Data:

******************************

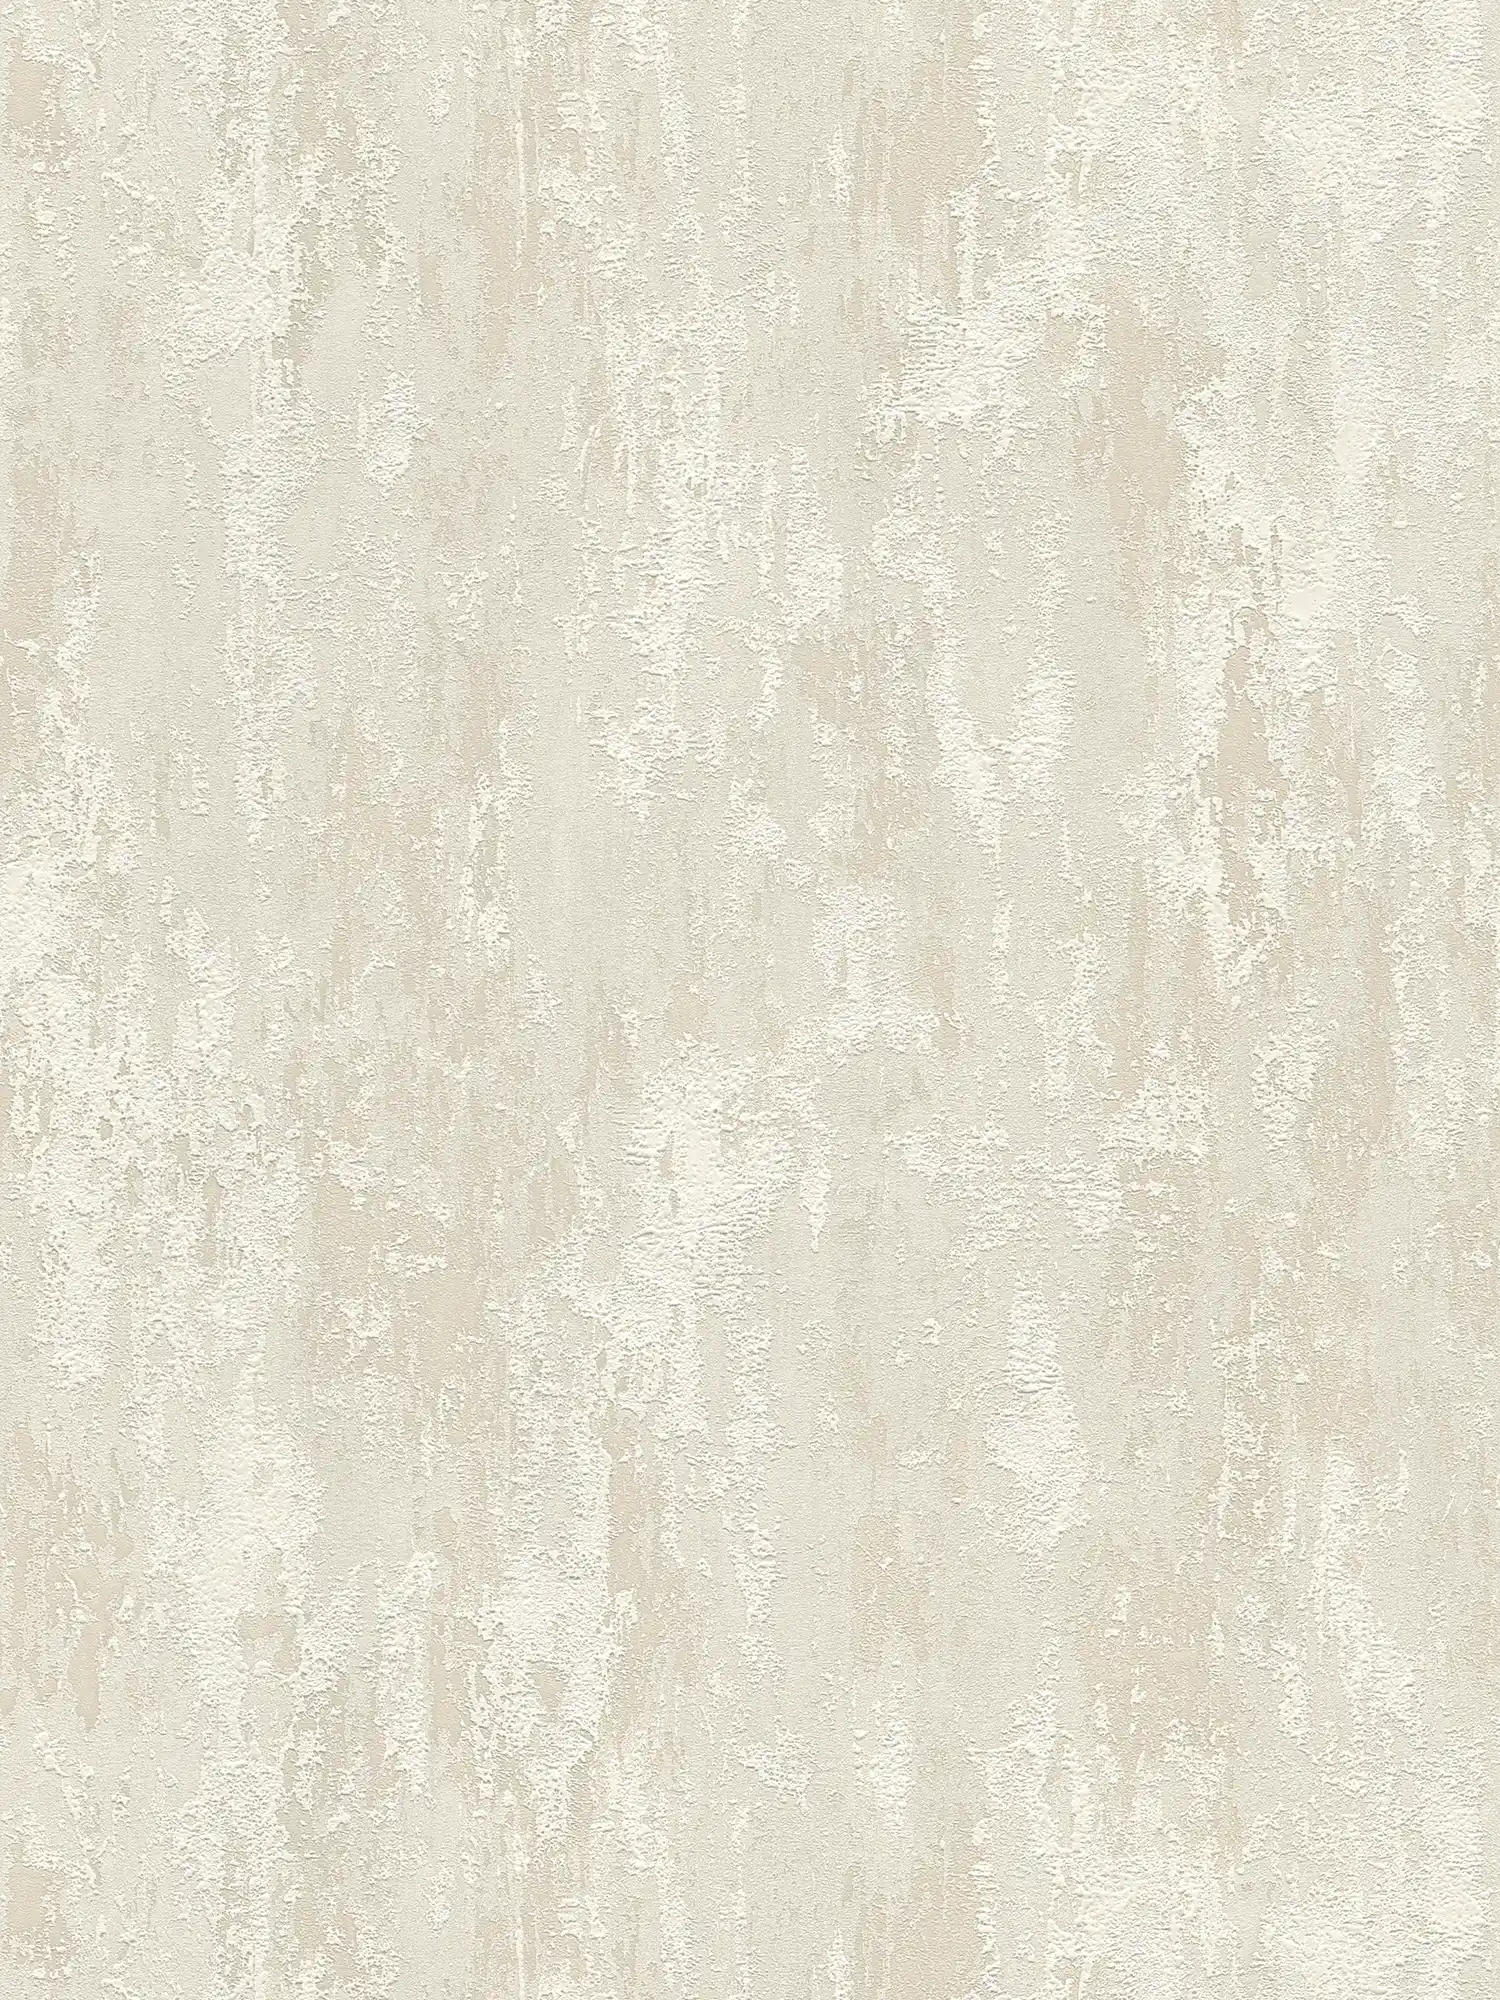 Papel pintado de textura rústica con aspecto de yeso - beige, crema, dorado
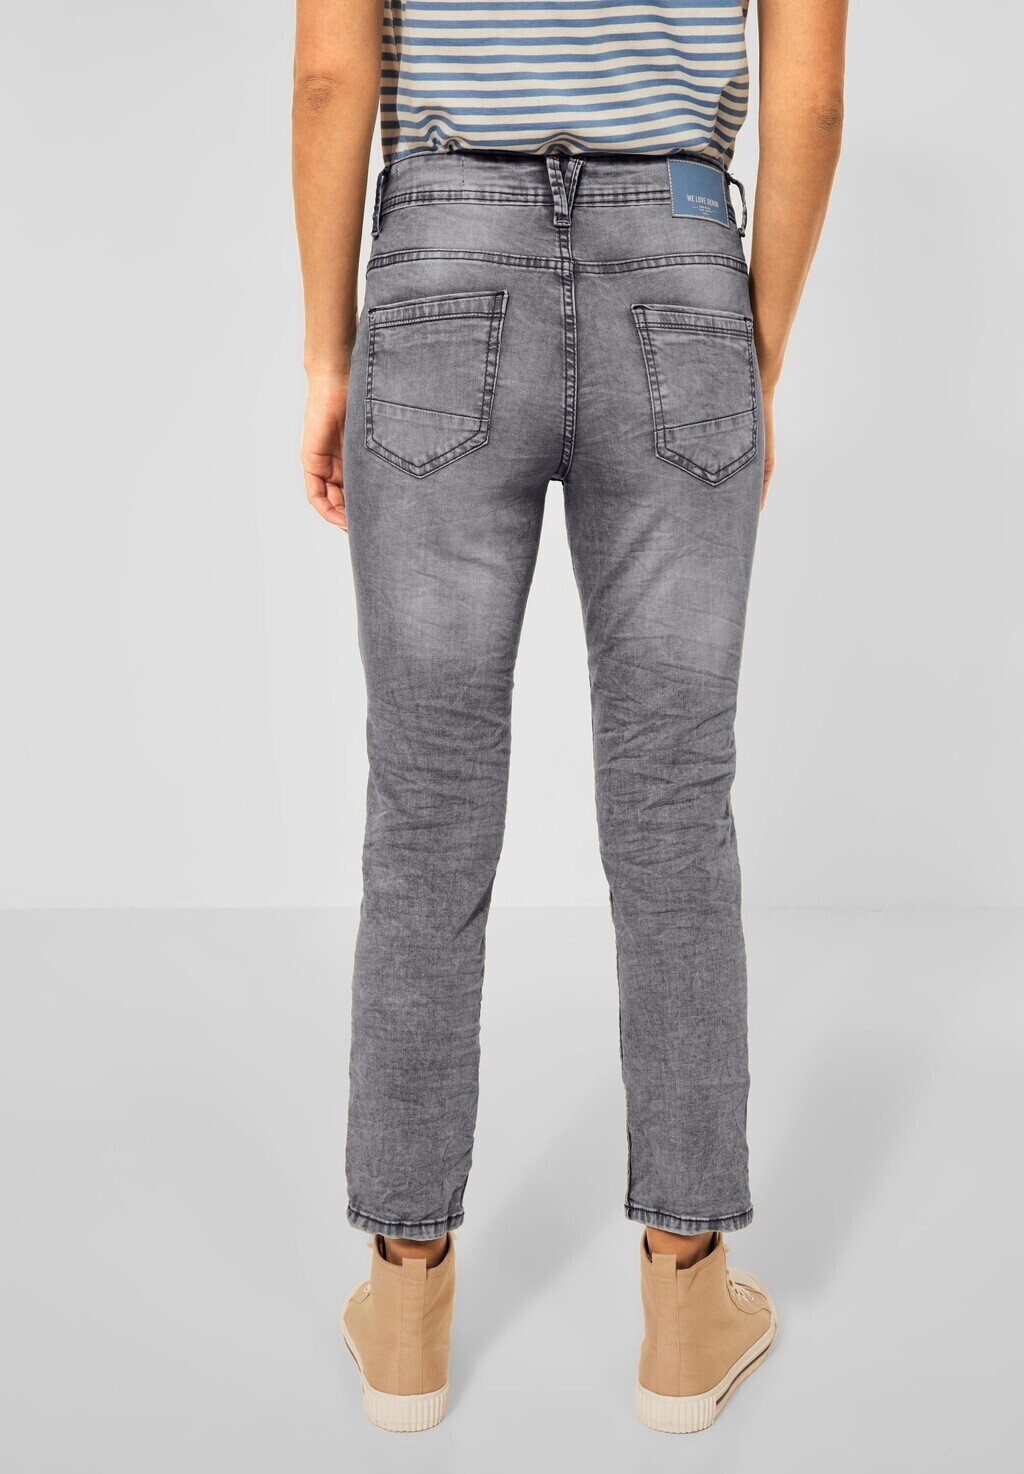 Cecil Scarlett Loose Fit 7/8 Jeans mid grey used wash ab 48,44 € |  Preisvergleich bei
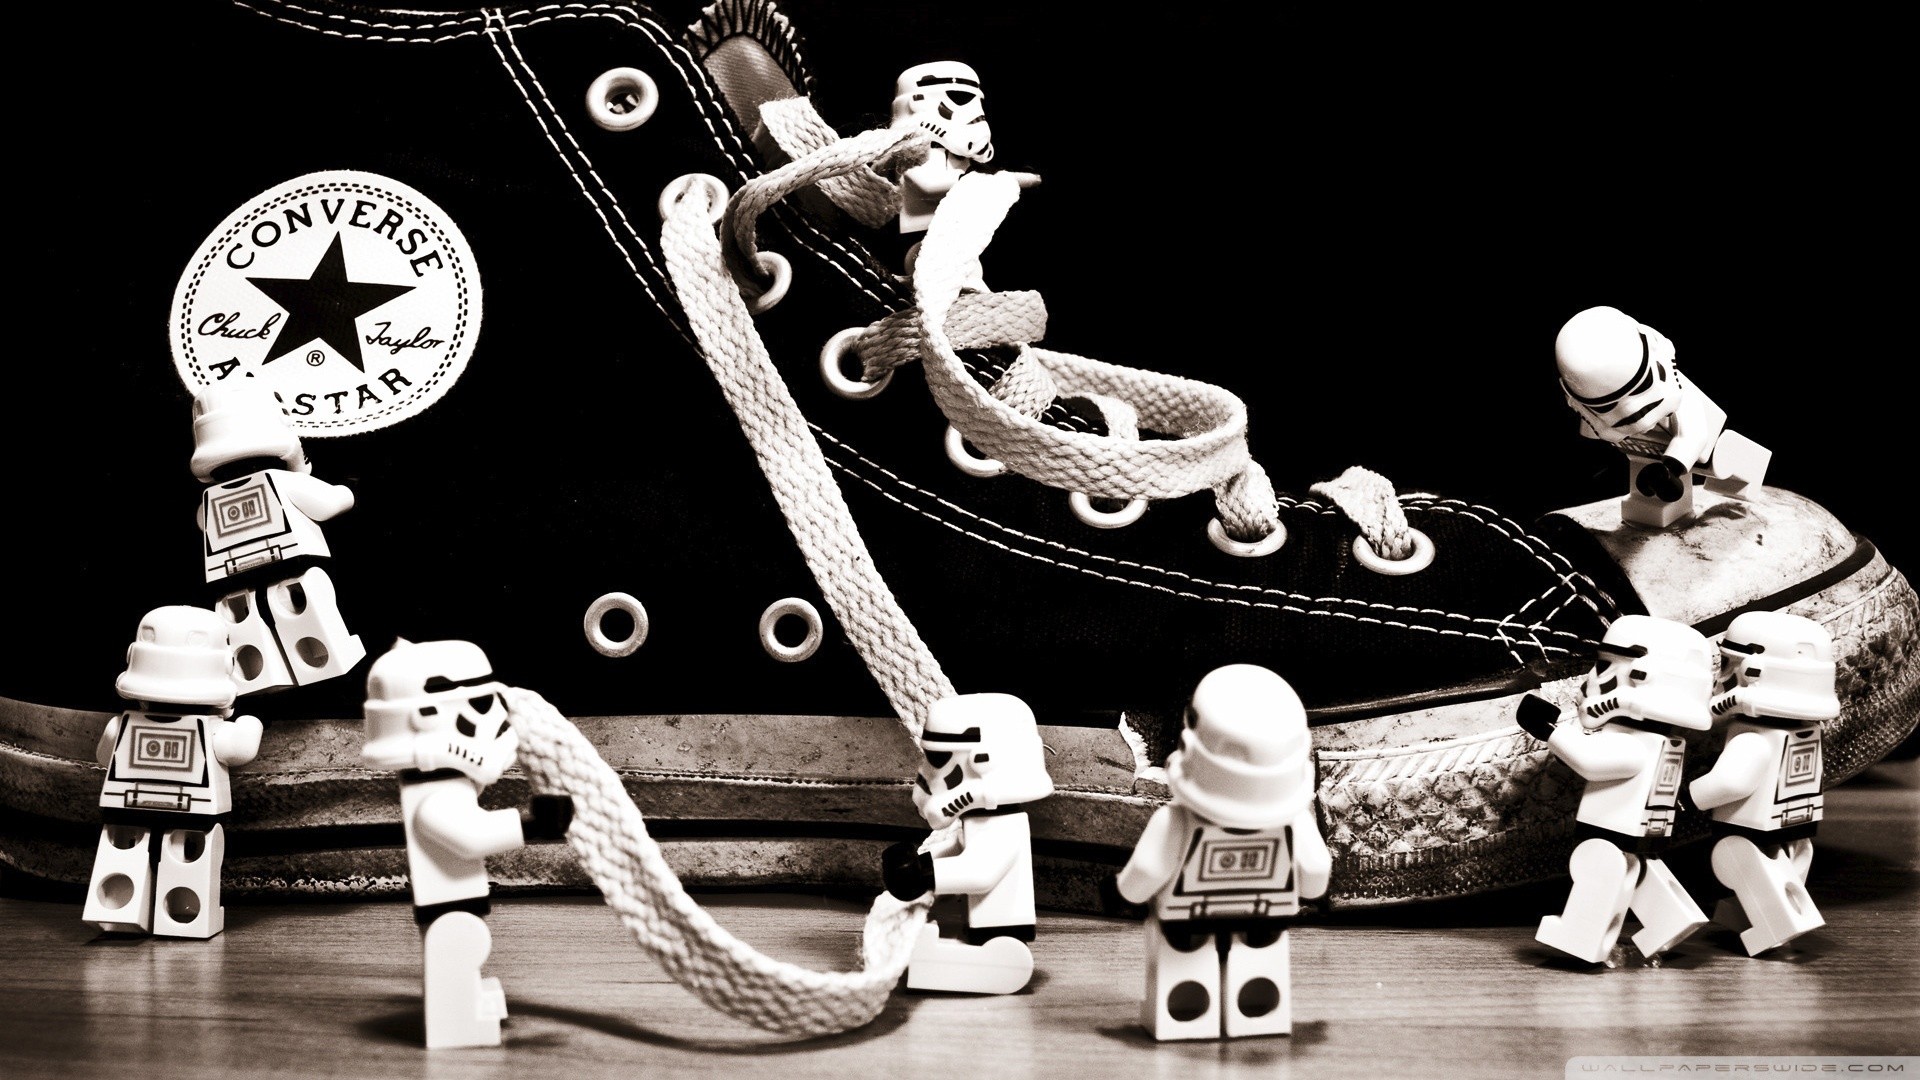 Converse Shoes Stormtrooper LEGO Star Wars Star Wars Humor 1920x1080

******************************

Problem requirements: Now write out the data word for word, skipping every picture in it.

Task result:
 Papel pintado de textura rústica con aspecto de yeso - beige, crema, dorado
 Cecil Scarlett Loose Fit 7/8 Jeans mid grey used wash ab 48,44 € |  Preisvergleich bei
 Converse Shoes Stormtrooper LEGO Star Wars Star Wars Humor 1920x1080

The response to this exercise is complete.